A view into a CAS contains a subset of feature structures and annotations. One view corresponds to exactly one Sofa. It
can also be used to query and alter information about the Sofa, e.g. the document text. Annotations added to one view
are not visible in another view.  A view Views can be created and changed.

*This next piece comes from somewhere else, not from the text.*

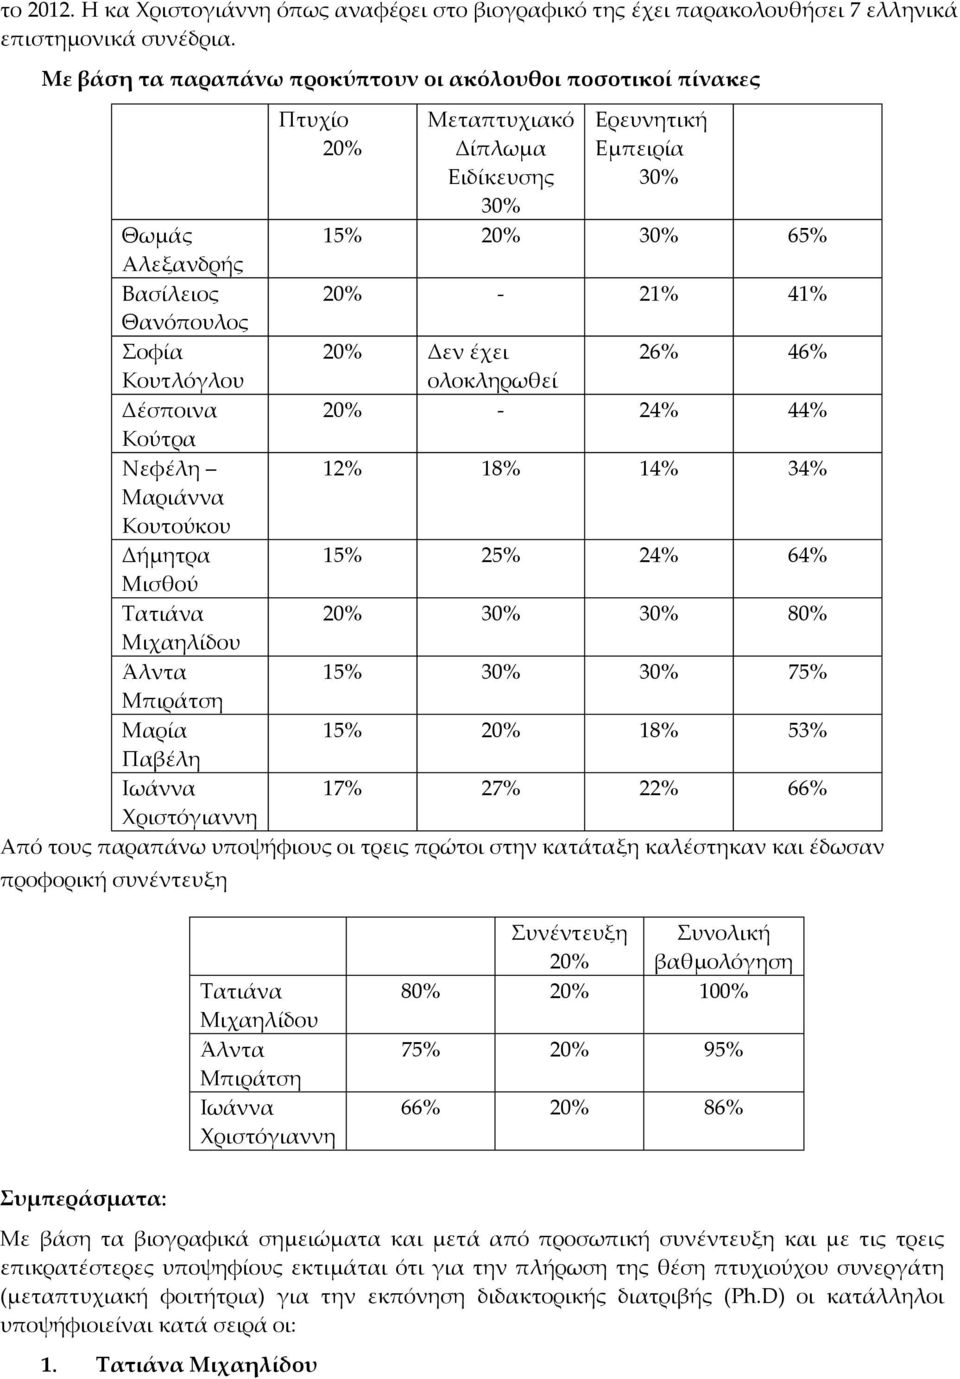 Θανόπουλος Σοφία 20% Δεν έχει 26% 46% Κουτλόγλου ολοκληρωθεί Δέσποινα 20% - 24% 44% Κούτρα Νεφέλη 12% 18% 14% 34% Μαριάννα Κουτούκου Δήμητρα 15% 25% 24% 64% Μισθού Τατιάνα 20% 30% 30% 80% Μιχαηλίδου

A view has the same methods and attributes
as a :code:`Cas` .

.. code:: python

    from cassis import *

    with open('typesystem.xml', 'rb') as f:
        typesystem = load_typesystem(f)
    Token = typesystem.get_type('cassis.Token')

    # This creates automatically the view `_InitialView`
    cas = Cas()
    cas.sofa_string = "I like cheese ."

    cas.add_all([
        Token(begin=0, end=1),
        Token(begin=2, end=6),
        Token(begin=7, end=13),
        Token(begin=14, end=15)
    ])

    print([x.get_covered_text() for x in cas.select_all()])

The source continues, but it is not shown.